Unexpectedly, the duke's ominous expression lightened with genuine amusement. "If Lord Gilbert wants to maintain his influence in those circles, he won't want to make an adversary of me. At the risk of sounding immodest, Martin, I am one of those 'people who count.'"

After Martin had left, Clayton got up and walked over to the window. Leaning his shoulder against the frame, he gazed at workmen constructing a small rustic pavillion at the far end of the lawn near the woods.

If Martin had come to him yesterday, rather than today, and urged him to order Whitney to marry him, he might have given the idea more consideration. Until last night, Whitney had simply been a possession he had acquired-a valued possession, perhaps even a treasured one, but a possession nonetheless.

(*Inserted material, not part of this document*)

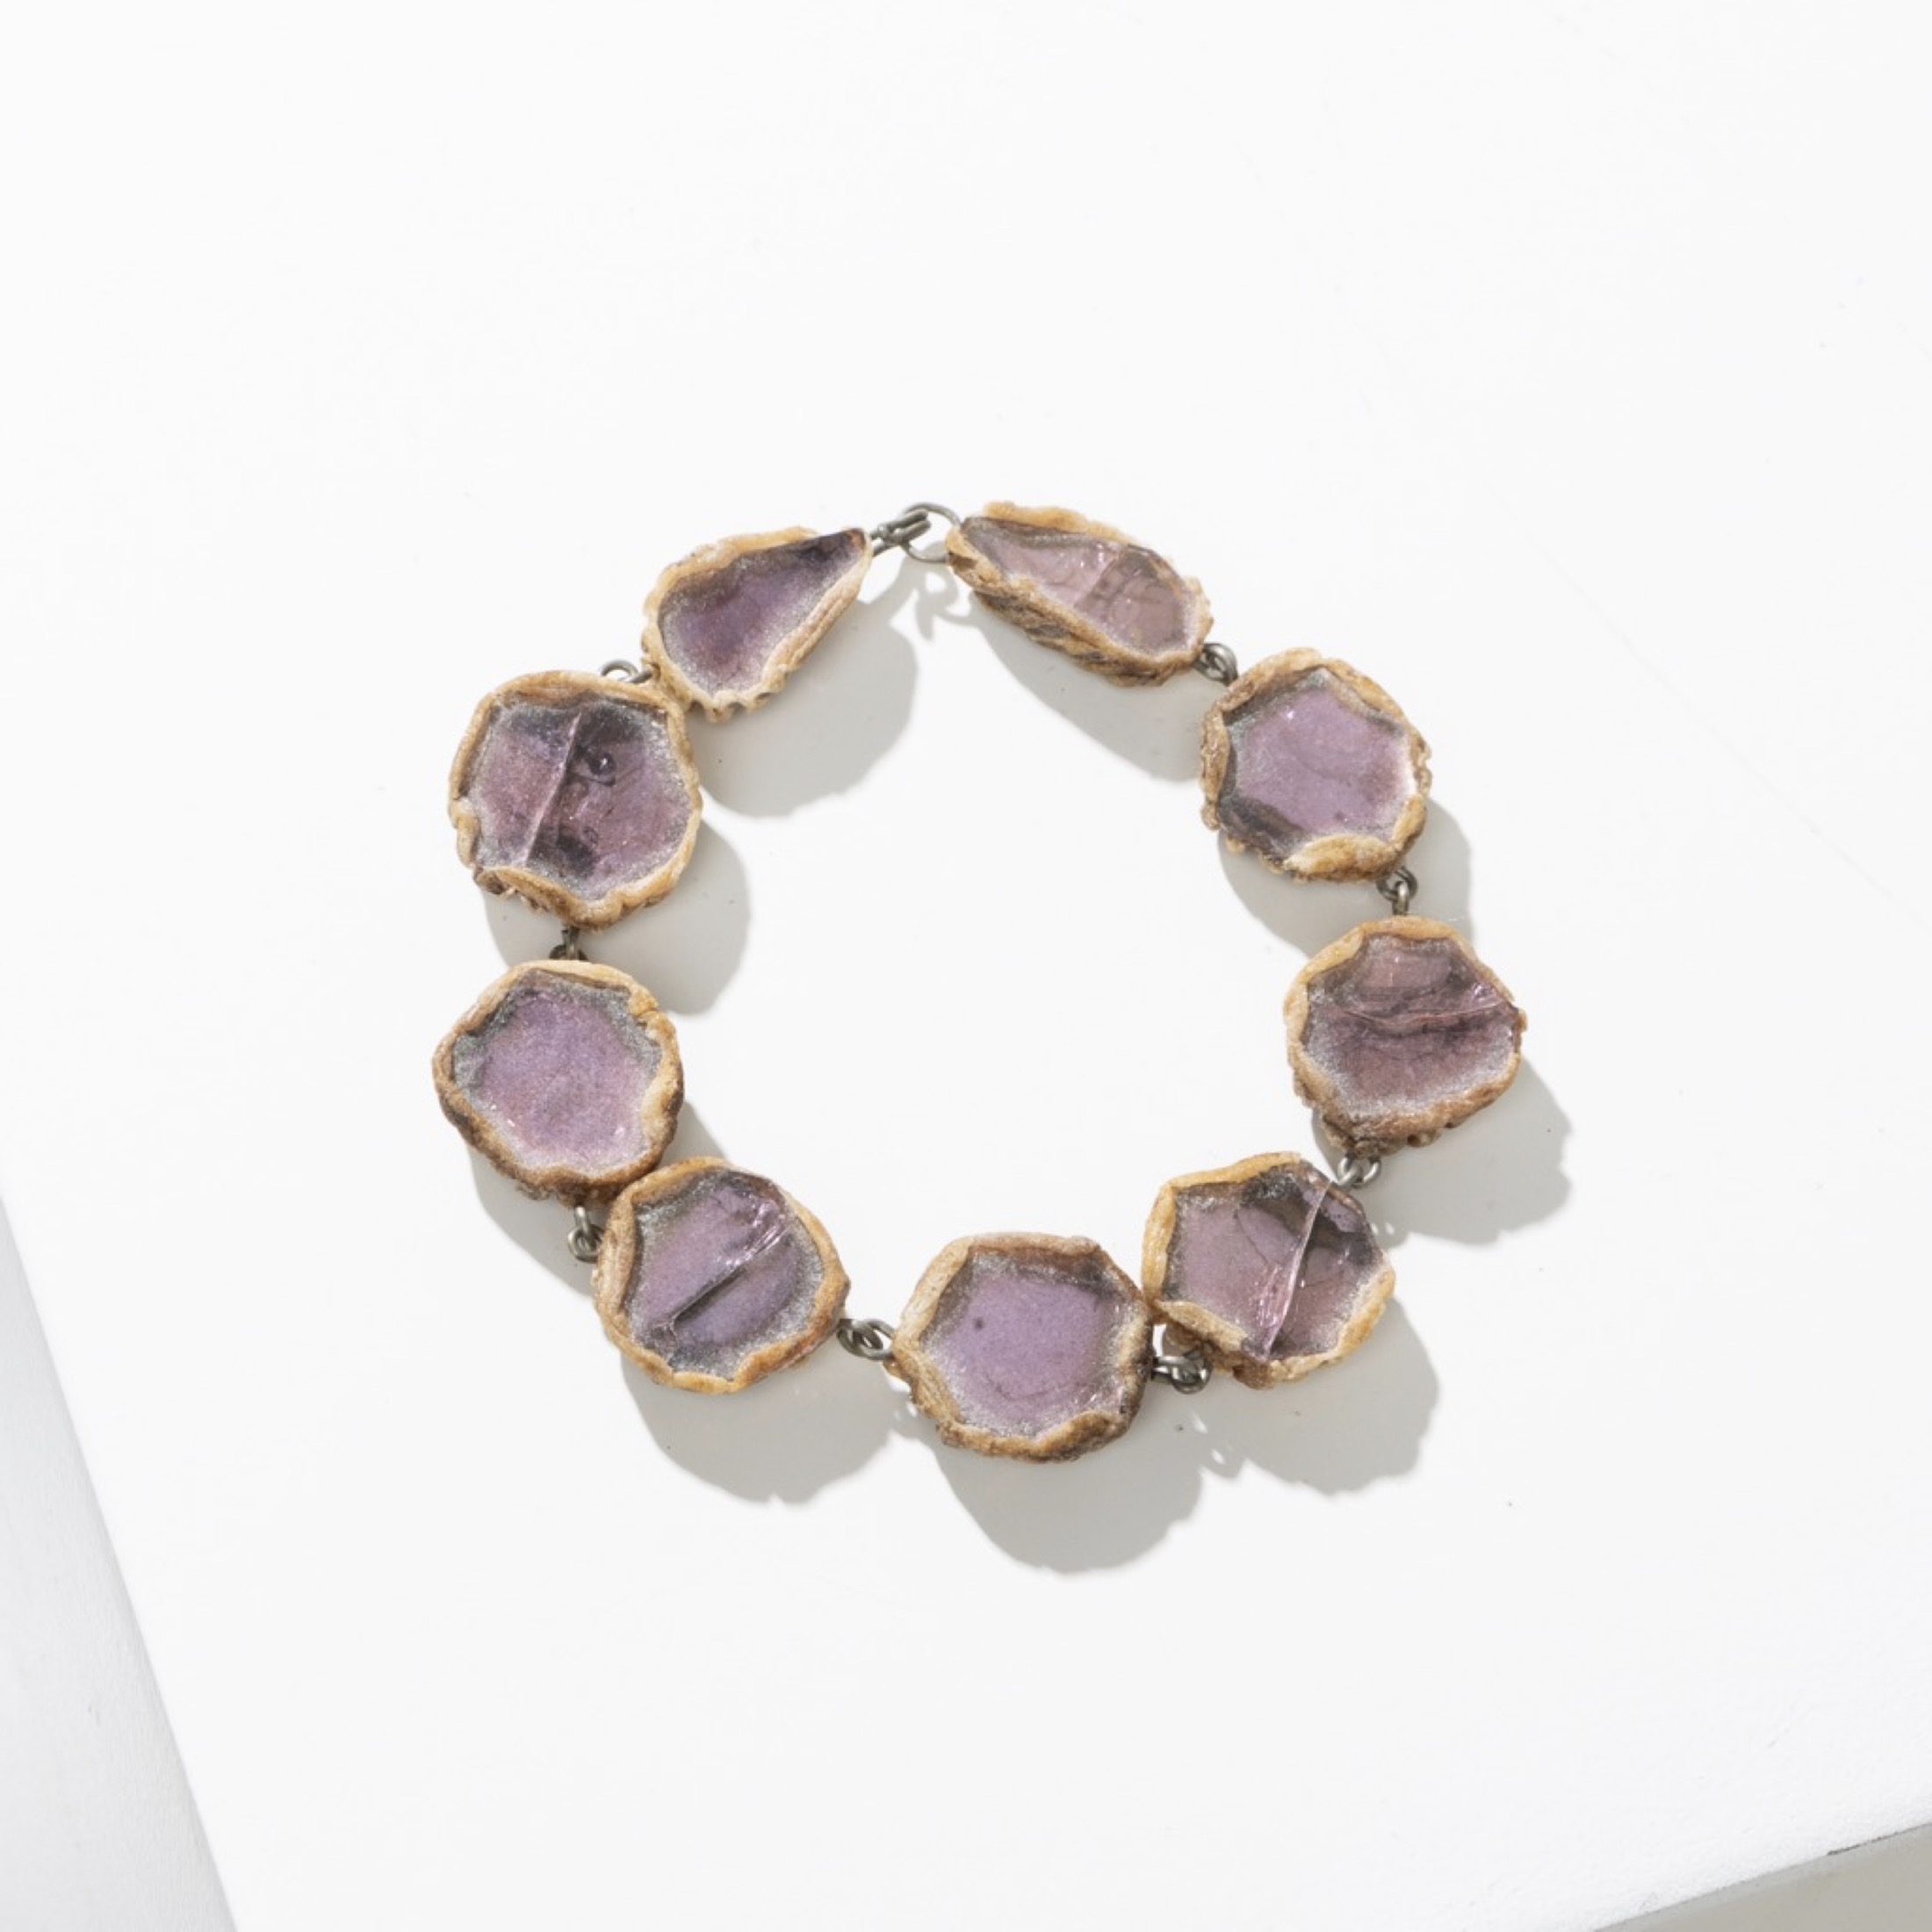 Bracelet Line Vautrin - Talosel with violetts mirrors - IMG_001

On the night of the Armands' masquerade, he'd briefly considered making Whitney his mistress, but deflowering a gently reared virgin violated even his relaxed code of honor where women were concerned. Then, too, it was his duty to marry and provide an heir, a responsibility of which he had been constantly reminded from the day he came of age. And so, as he gazed down into her radiant, laughing face in the Armands' garden, he had arrived at a highly satisfactory solution to the dual problem of his duty and his desire: He would marry Whitney Stone.

Until last night, Whitney had merely been the delightful object of his lustful thoughts, and the future mother of his needed heir. But last night, that had changed. Last night, she had touched a tenderness, a protectiveness, within him that he never knew existed.

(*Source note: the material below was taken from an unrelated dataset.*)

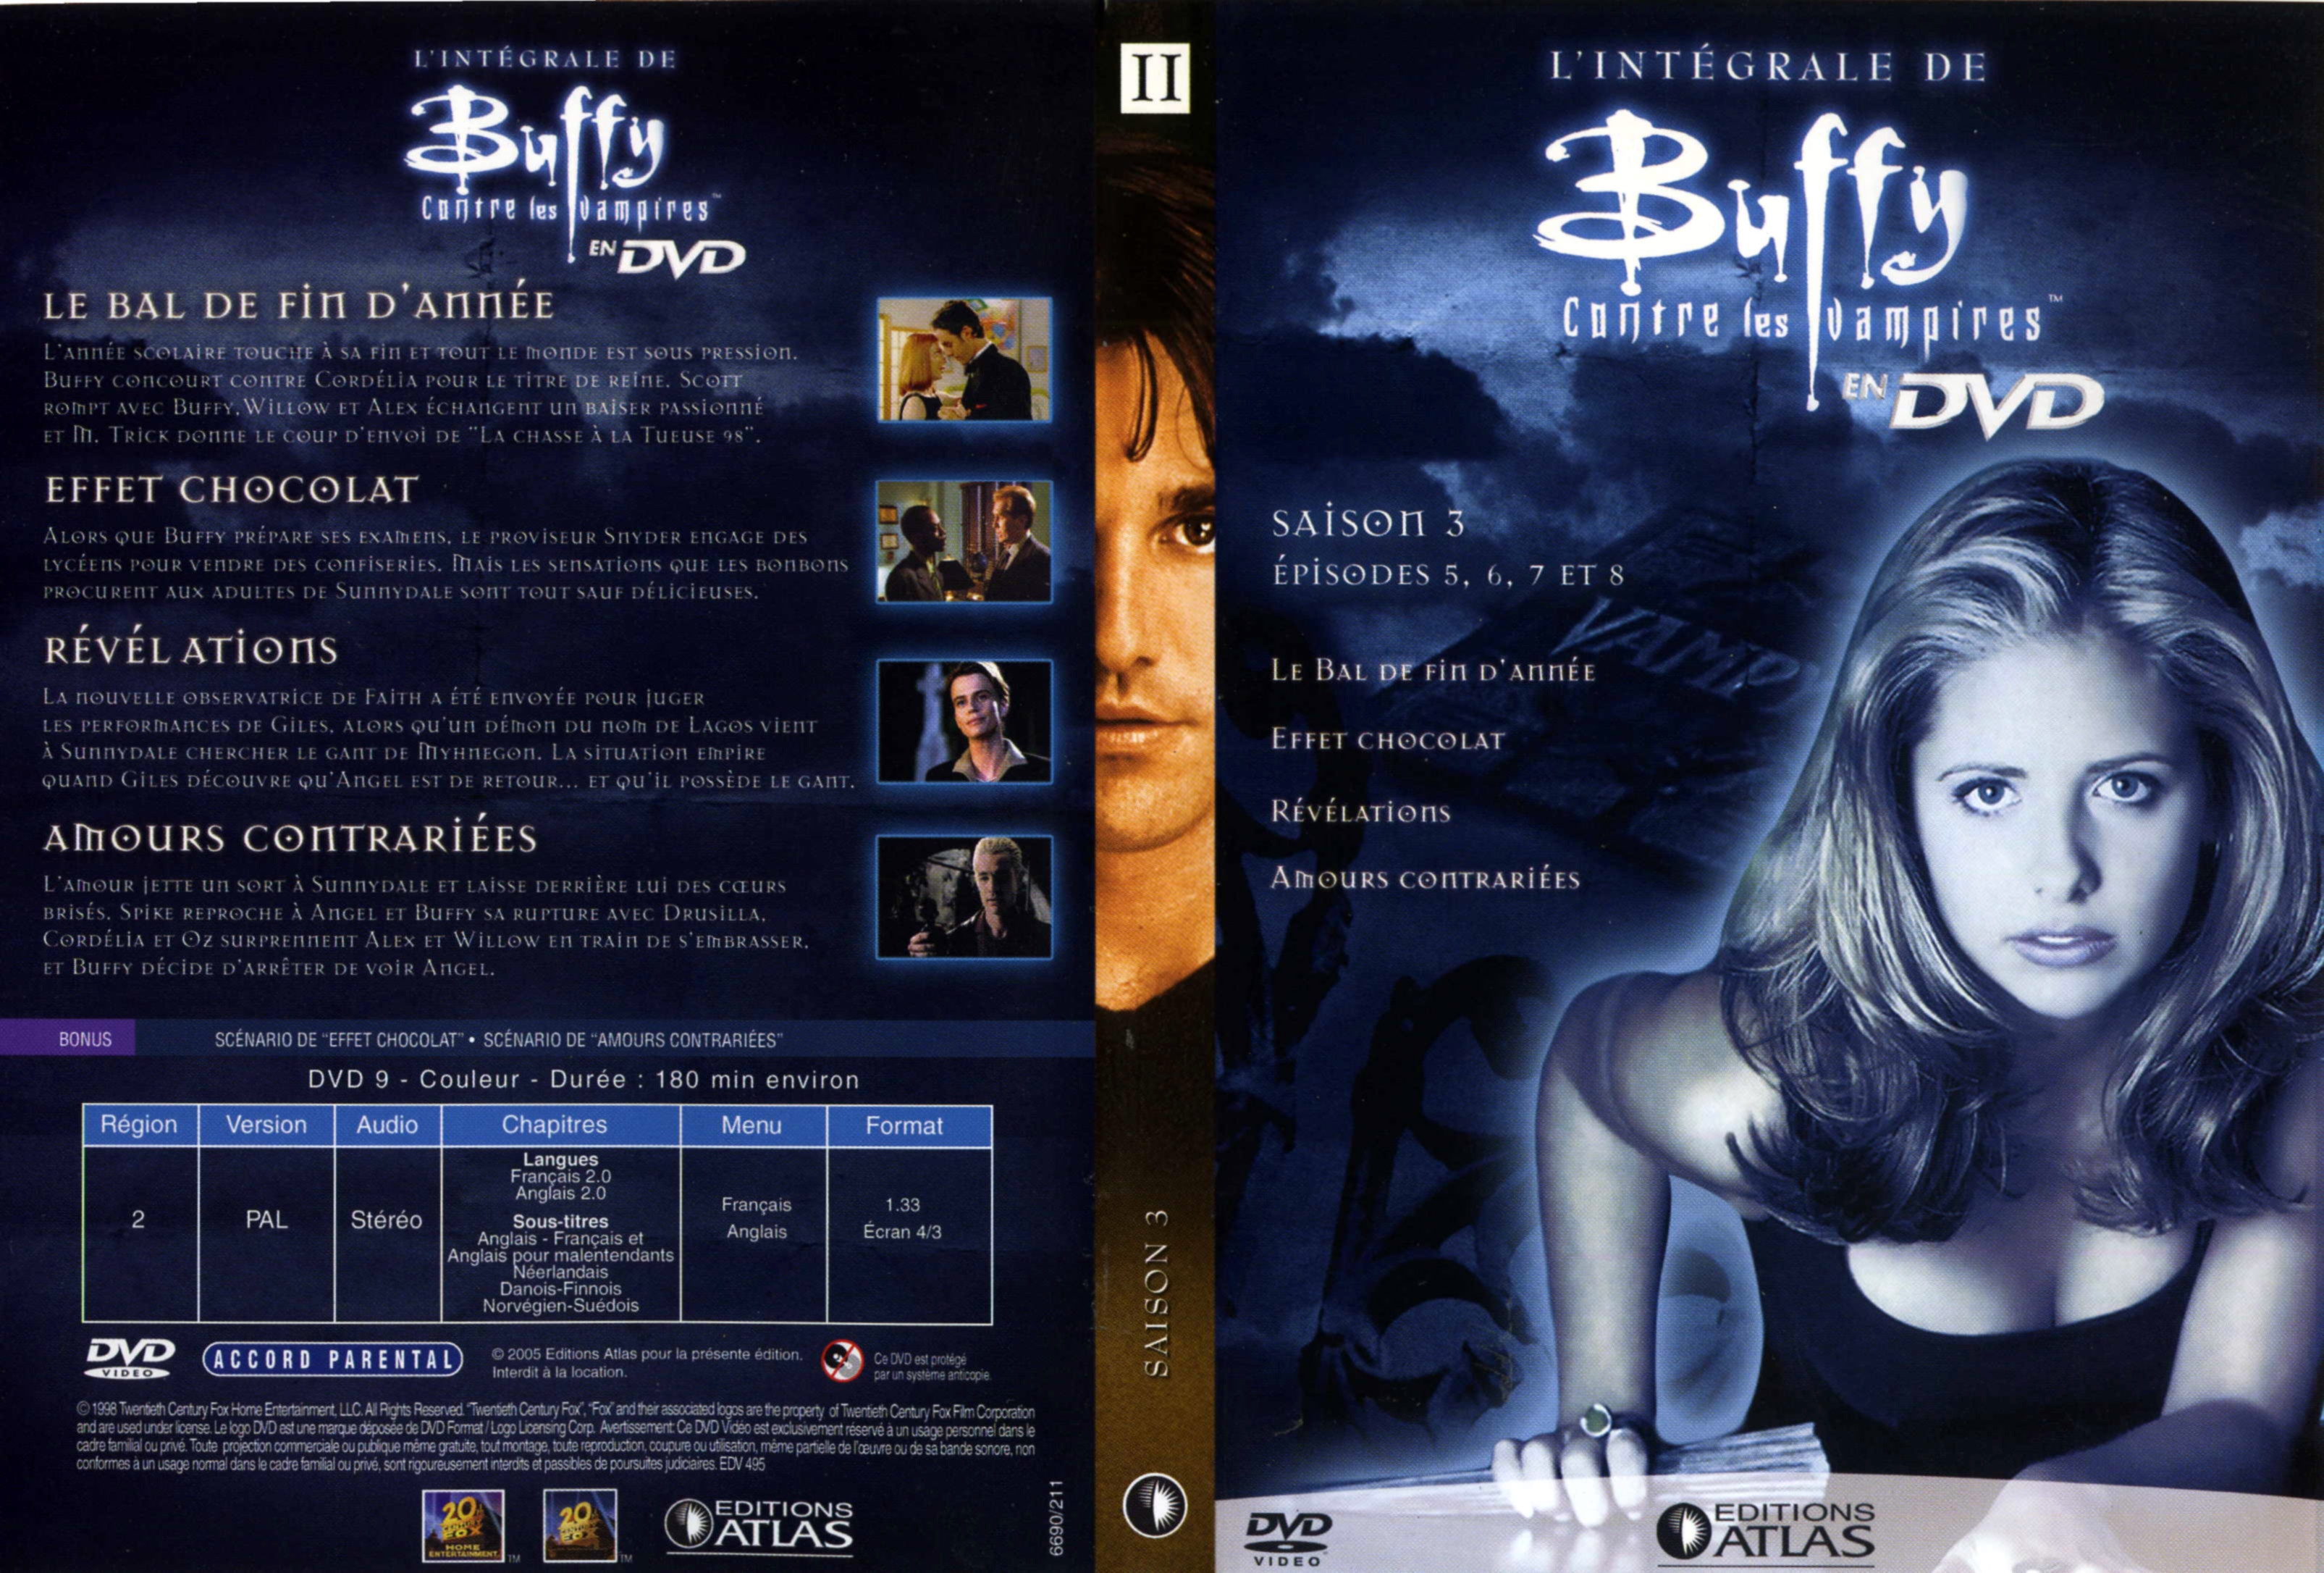 Jaquette DVD Buffy contre les vampires DVD 11 Ed Atlas

He had listened to her laughingly telling a story that seemed more sad than funny to him, a story about a motherless young girl who was made to play at a stupid musicale in front of a roomful of thoughtless people and, for the first time, he had realized the pain and frustration, the angry humiliation, she must have felt as a girl.

He didn't like most of her neighbors; they struck him as small-minded, gossipy country bumpkins, and from the moment word had reached them that Whitney was returning from France, they had regaled each other-and him-with endless tales of her girlish antics and her youthful pursuit of Paul Sevarin.

If showing them all that she could bewitch Sevarin was the only way Whitney could regain her pride, then Clayton was wiling to allow her to do it. Let her show the villagers she had captivated Sevarin for a few days more. Clayton could wait that long . . . provided that Sevarin didn't actually screw up the courage to ask her father for her hand. Clayton's leniency toward Whitney did not extend to allowing her actually to betroth herself to another man. That he would not tolerate.

His mind made up, Clayton went back to the table. Martin was going to be gone for five days, and that was too long to wait to see Whitney again. He needed some excuse to see her in the meantime, some ploy to make her agree to see him. He considered the possibilities and, with a satisfied grin, remembered she had challenged him to a race in which she would ride Dangerous Crossing against him.